It is based on this understanding that, alongside their deradicalization projects, several governments are devising programs to forestall radicalization altogether. Youth programs developed by the Institute for Multicultural Development (also known as FORUM), in the Netherlands, help adolescents and young adults in the country resist radicalization and recruitment into terrorist groups by encouraging them to "express their possible disappointments and (justified) feelings of exclusion in peaceful and democratic ways and turn their genuine concerns into positive social action." FORUM focuses on "problem neighborhoods," namely, ethnic neighborhoods with high levels of unemployment.

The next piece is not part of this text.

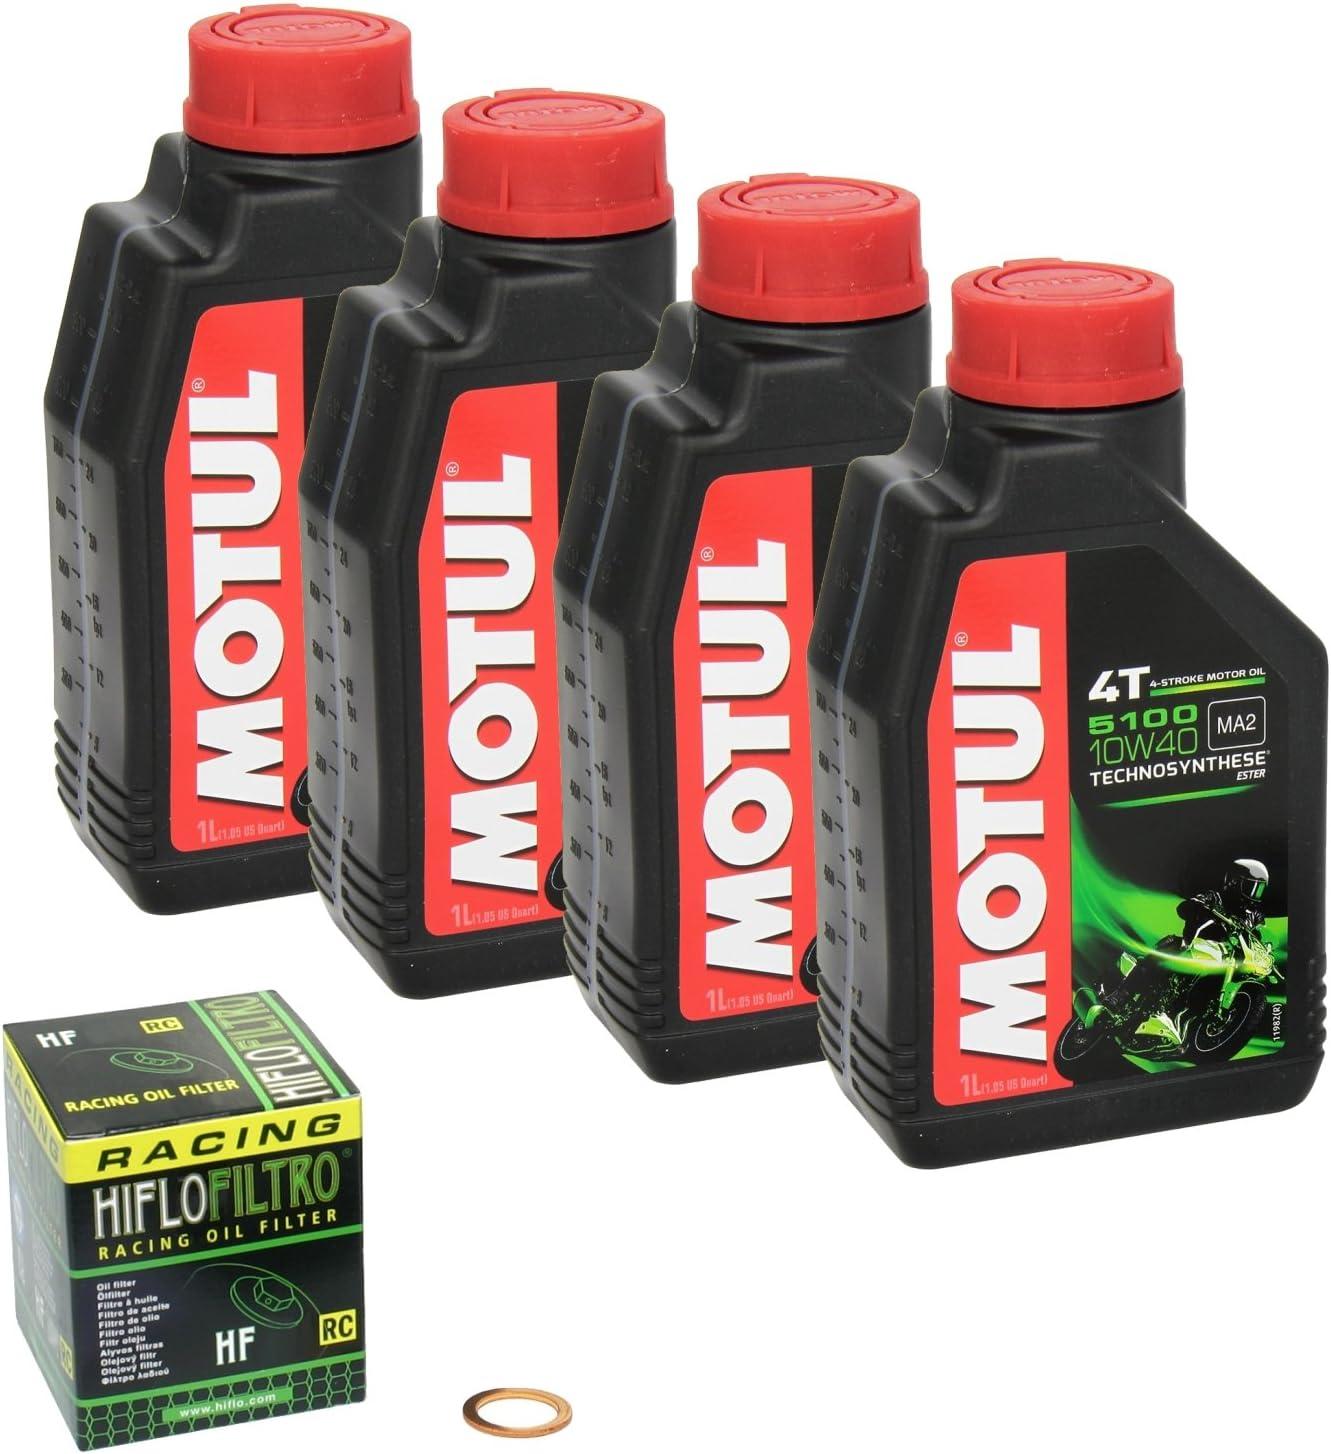 Motul 5100 10w 40 Ölwechsel Set Suzuki Bandit S 1200 Gsf 1200 S Bj 96 06 Motoröl Hiflo Racing Ölfilter Und Dichtring Auto

The Saudi government also runs a terrorism-prevention program, which monitors religious leaders, schoolteachers, and Web sites. It recently arrested five individuals for promoting militant activities on the Internet and recruiting individuals to travel abroad for what the government called "inappropriate purposes." Meanwhile, it also supports a nongovernmental organization called the Sakinah Campaign (sakinah means "tranquility"), which helps Internet users who have visited extremist sites interact with legitimate Islamic scholars online, with a view to steering them away from radicalism.

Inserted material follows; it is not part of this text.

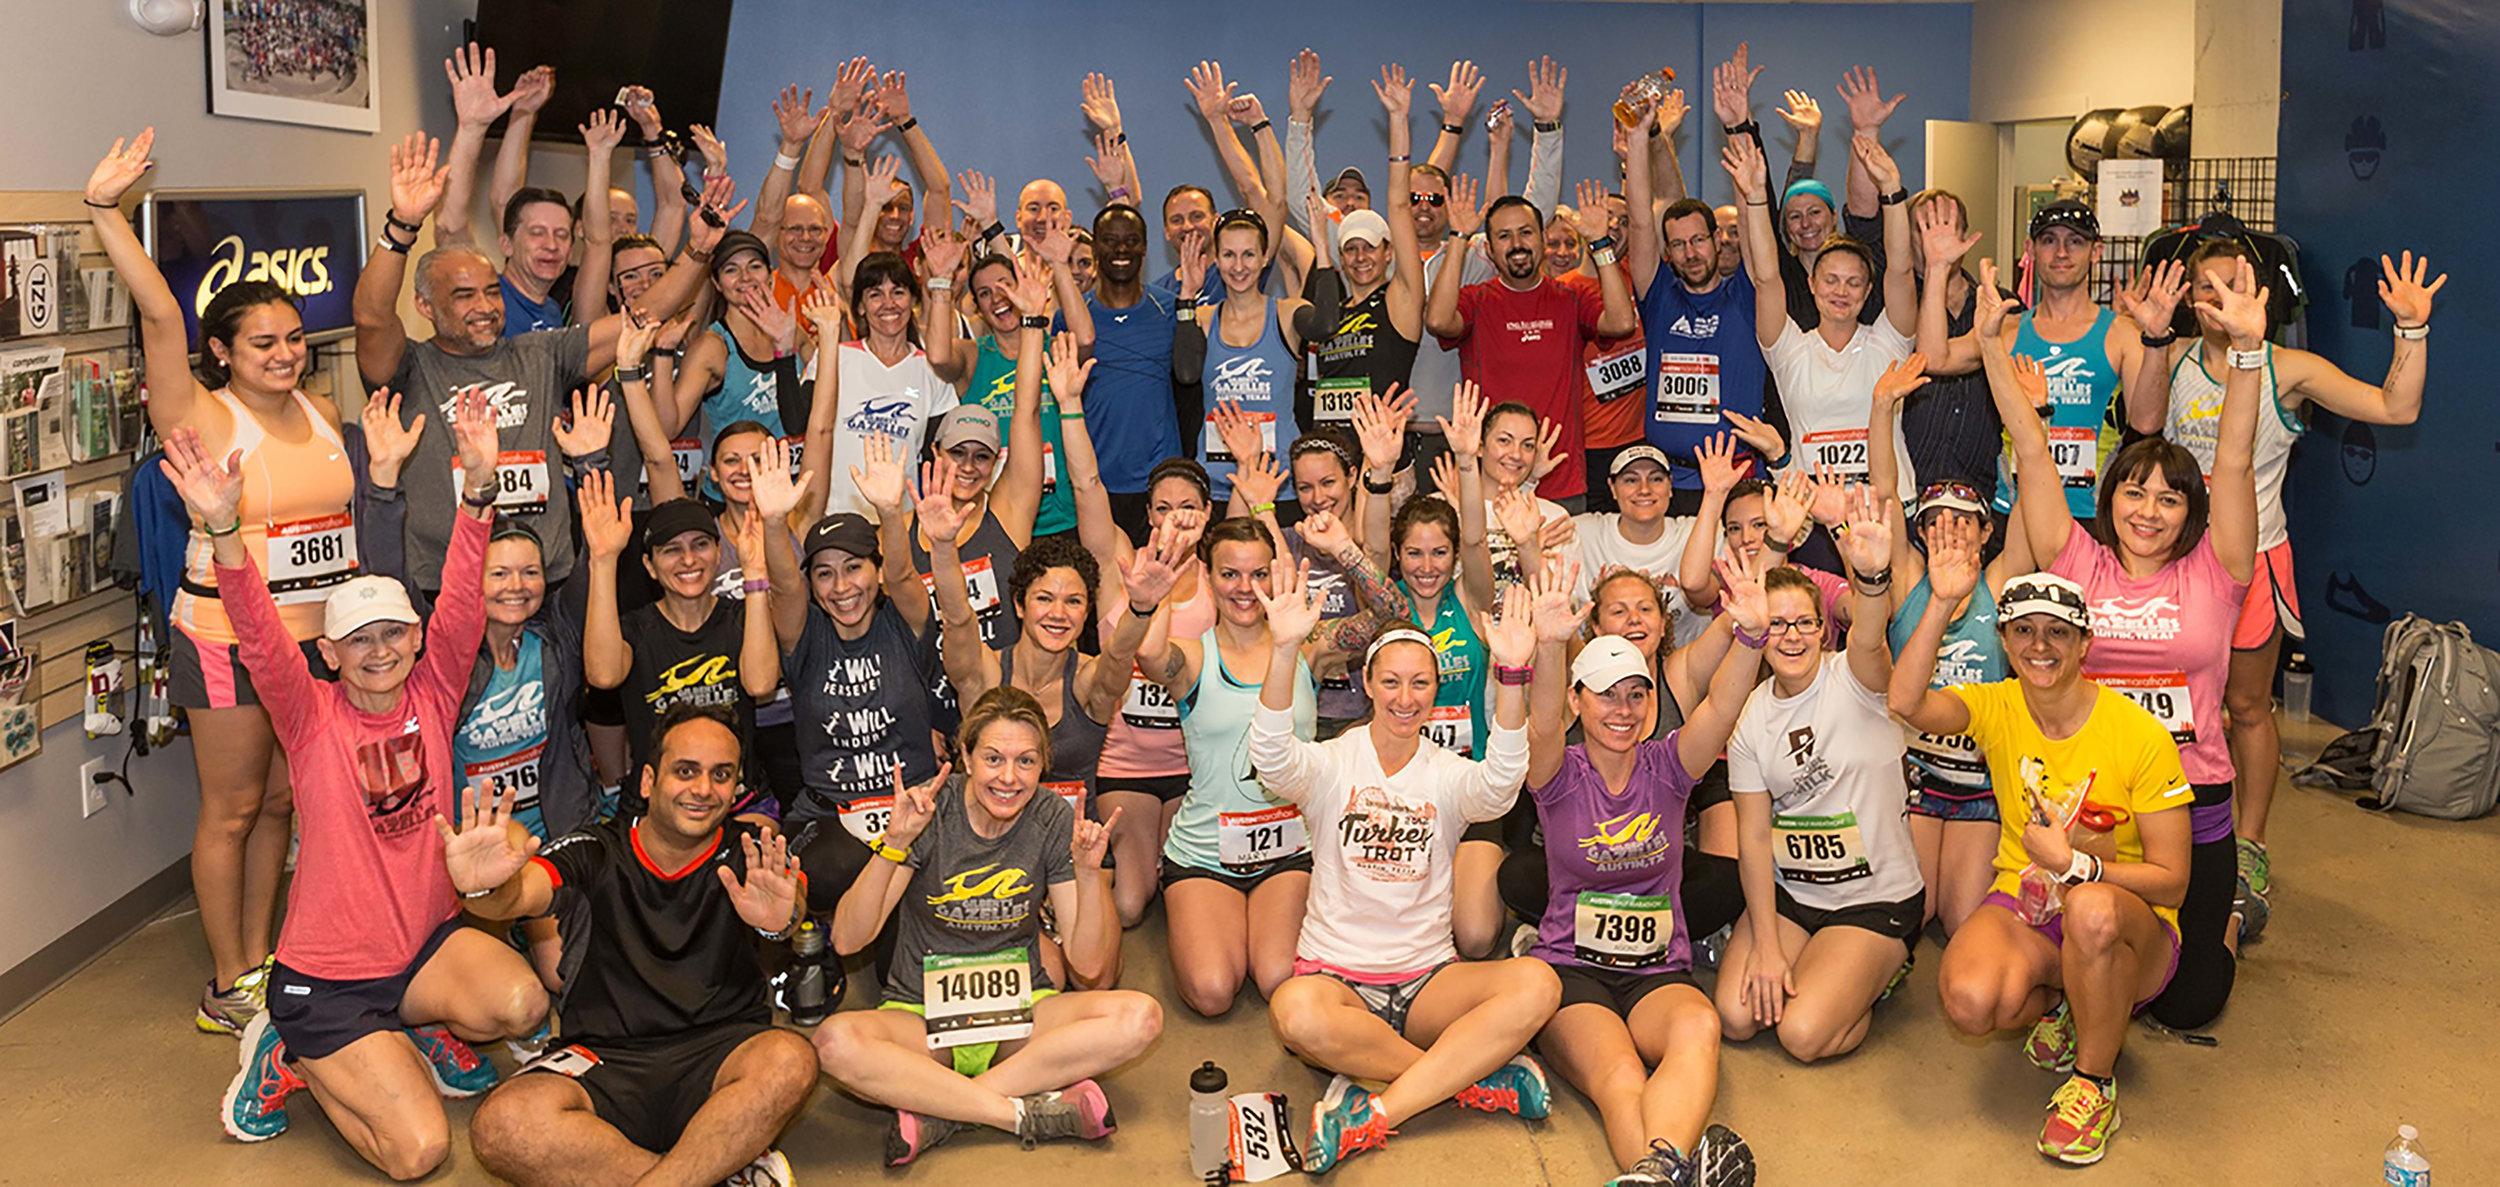 Austin Marathon 2015 pub-3.jpg

Such projects may serve as models or at least as a source of inspiration for similar efforts elsewhere. Washington should study them, even though the United States has so far been relatively immune from the kind of homegrown Islamist terrorism that has afflicted Germany, Spain, the United Kingdom, and other European countries. This may be because American Muslims tend to be more fully integrated into American society and tend to be better educated and have higher-paying jobs than the average American. In the last few years, however, a small number of Somali immigrants who had settled as refugees in the United States, especially in Minnesota, have joined al Shabab in Somalia. (One of them is the first known American to become a suicide bomber.) These immigrants have less in common with other American Muslims and more resemble Pakistanis in the United Kingdom and Moroccans in the Netherlands, who face discrimination in school and on the job market. Unlike previous waves of Muslim immigrants to the United States, these Somalis arrived with little knowledge of English or the United States. Partly as a result, they have had difficulty assimilating into American society: according to the most recent census, Somali Americans have the highest unemployment rate among East African diasporas in the United States and the lowest rate of college graduation.

U.S. officials devising social programs for Somali American youth can learn not only from previous anti-gang efforts in the United States but also from the experiences of European governments and their efforts to lure lower-achieving immigrant youth away from gangs and terrorist groups. As part of these efforts, it makes a great deal of sense to back anti-jihadi Muslim activists. But that is also a risky move. Antifundamentalist groups that get official backing risk being perceived not just as opposing violence but also as opposing Islam. The Quilliam Foundation, an anti-extremism think tank in the United Kingdom that was started by two former members of the Islamist organization Hizb ut-Tahrir, has received nearly one million pounds from the British government -- and has lost credibility among ordinary Muslims.

But there are hopeful signs: Hanif Qadir, together with his brother and a former member of a local gang, created the Active Change Foundation in 2003, an organization that runs a youth center and a gym in Waltham Forest, a culturally diverse and gang-infested borough of northern London, and is supported by the Metropolitan Police. Qadir told me that he had been recruited by al Qaeda in 2002 and was on his way to Afghanistan expecting to fight when he changed his mind after hearing that volunteers were being used as "cannon fodder." Now, he explained to me, he encourages youth to express their rage about the mistreatment of Muslims in Iraq, Palestine, and elsewhere and channel it into peaceful political action. Having been involved in its gangs or violent extremist groups themselves, he and the other program leaders know the community well. The foundation's ambition, as it puts it, is to "work behind the 'wall of silence'" with people who are marginalized by mainstream British society.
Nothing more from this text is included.